◆ Data block ◆
*** Begin section ***

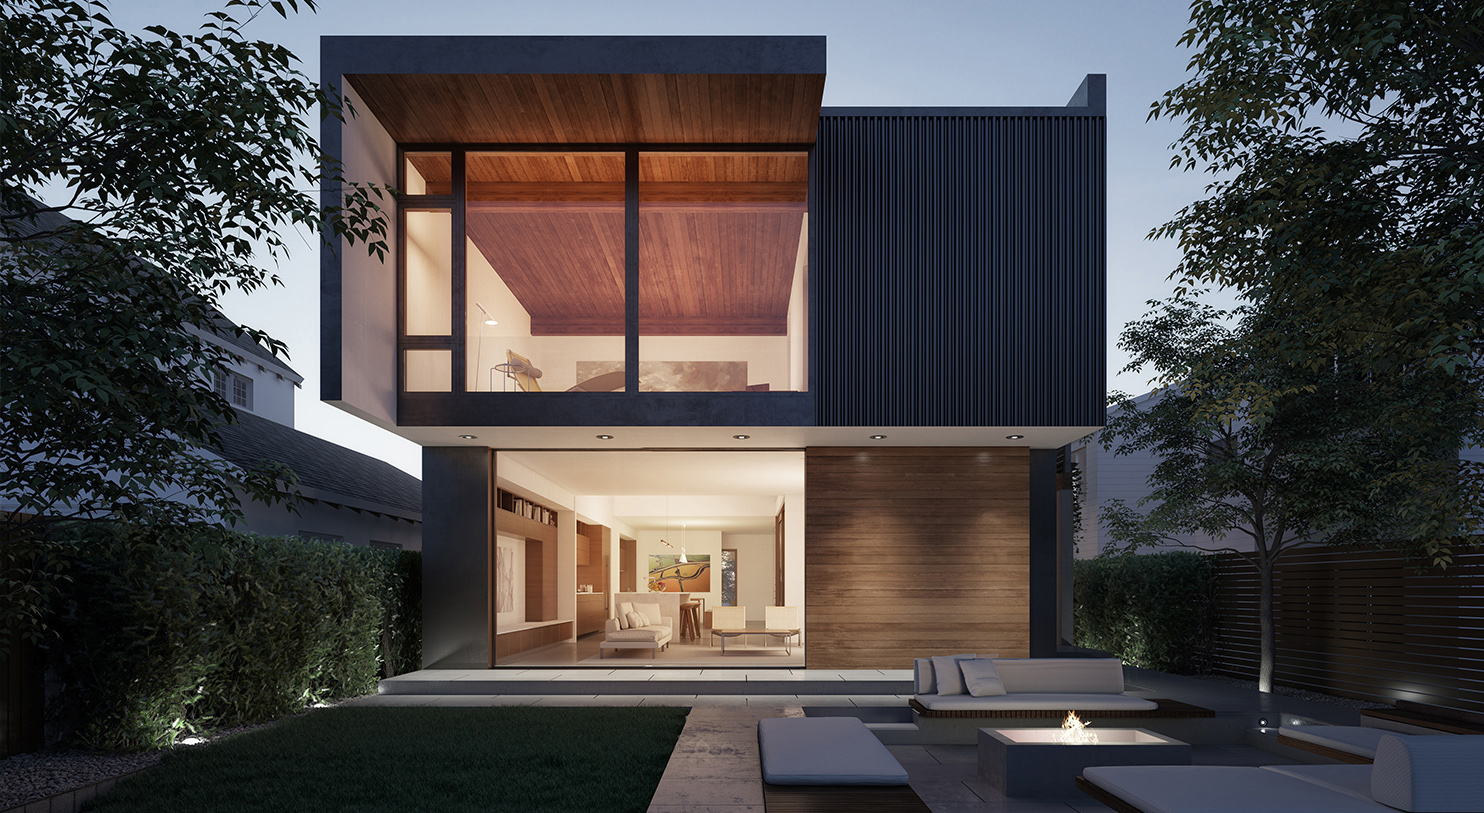 turkel_design_modern_prefab_home_axiom_series_rendering_axiom2610_exterior.jpg
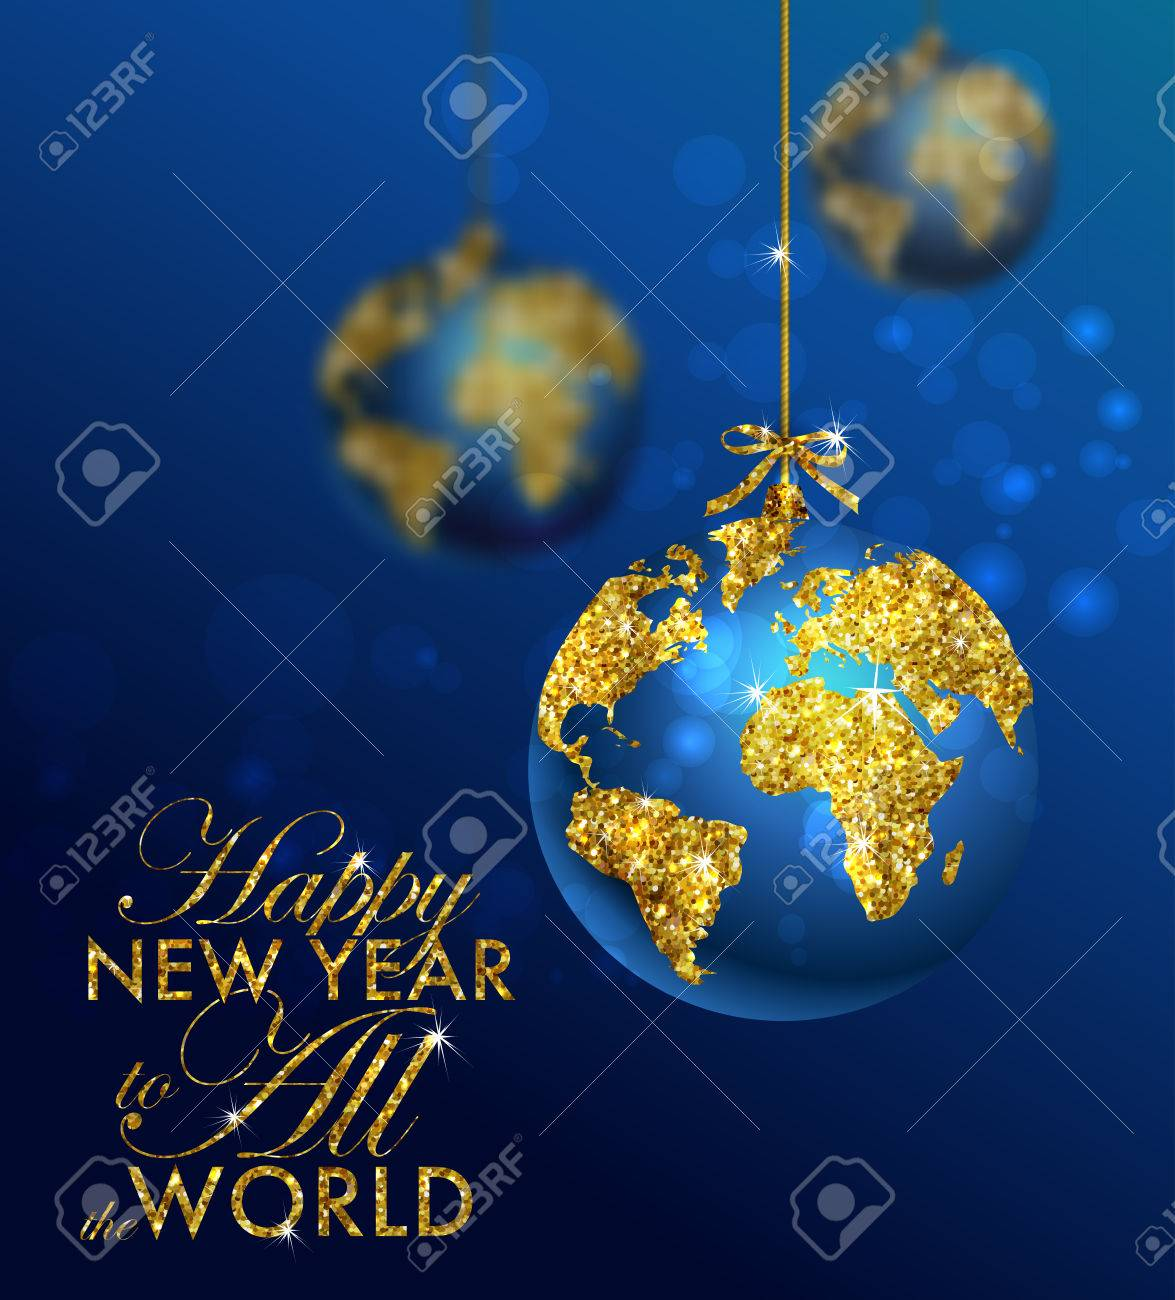 Glitter christmas ball with world map greeting card with typography glitter christmas ball with world map greeting card with typography and gold world globe gumiabroncs Choice Image
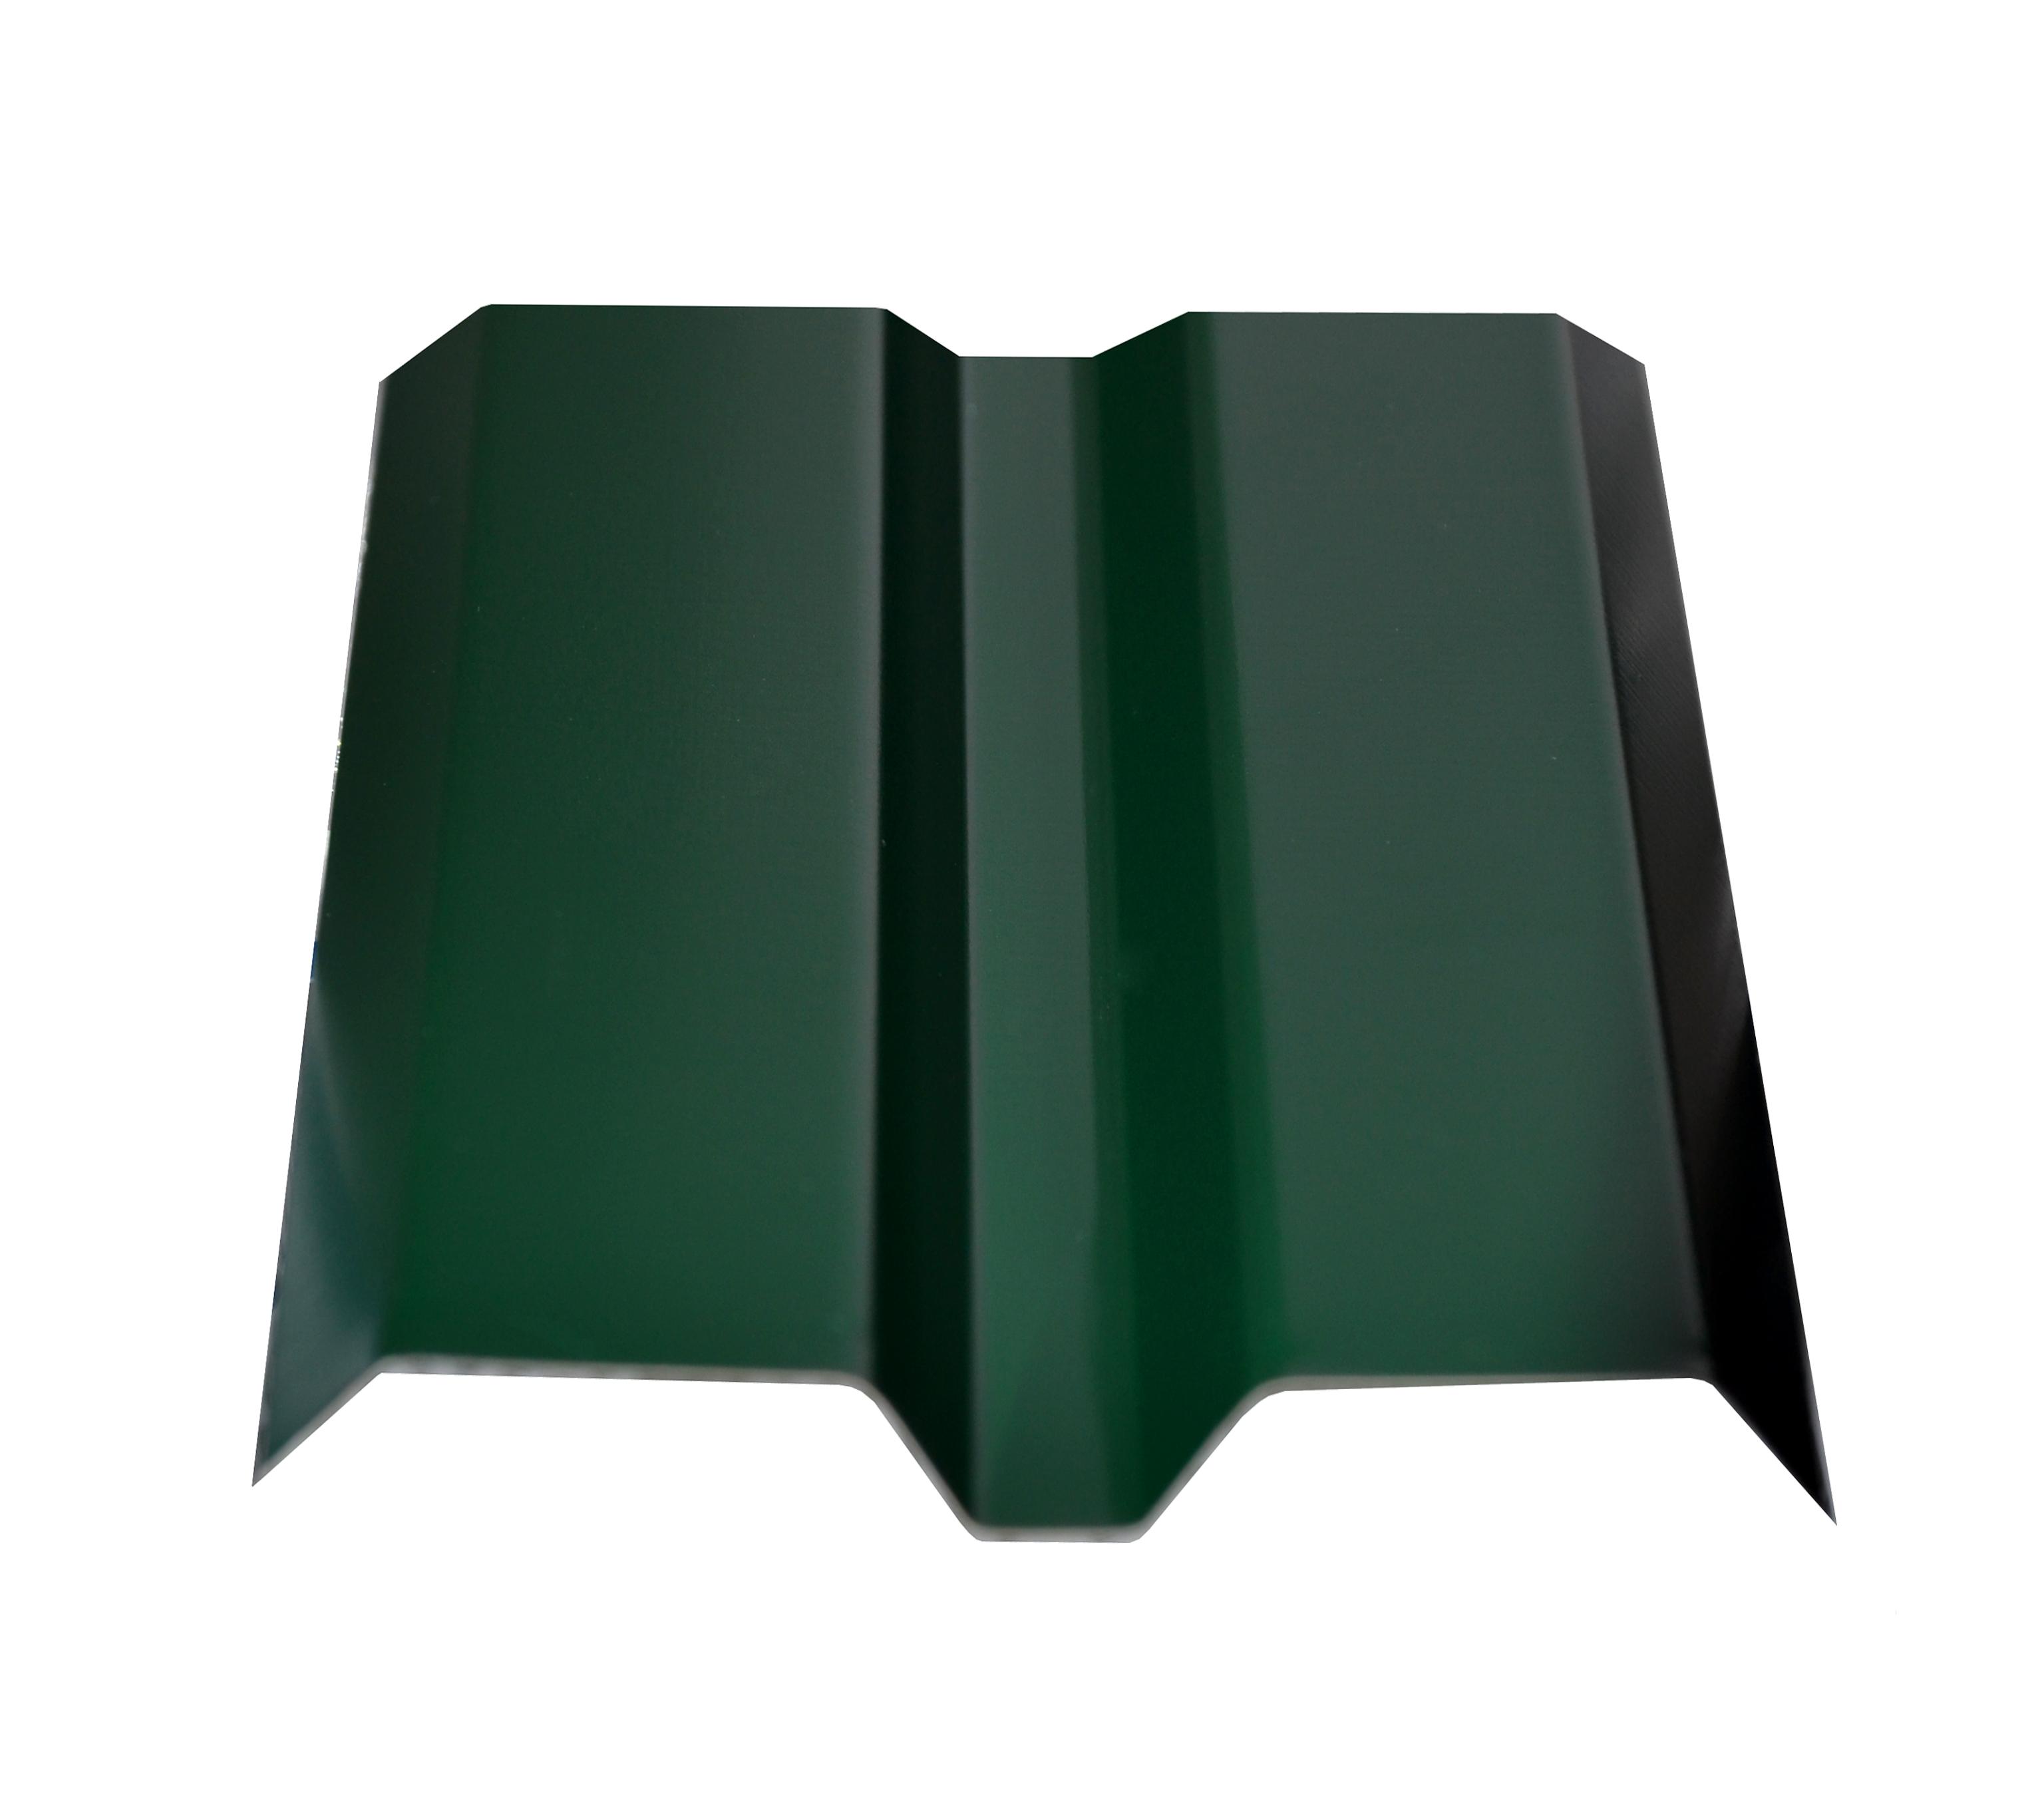 Евроштакетник  87х1500мм, толщина 0,4 мм зеленый

*** End section ***

◆ What is required ◆
Where the data contains images, drop them and print the rest exactly.

◆ Output of the task ◆
 turkel_design_modern_prefab_home_axiom_series_rendering_axiom2610_exterior.jpg
 Glitter christmas ball with world map greeting card with typography glitter christmas ball with world map greeting card with typography and gold world globe gumiabroncs Choice Image
 Евроштакетник  87х1500мм, толщина 0,4 мм зеленый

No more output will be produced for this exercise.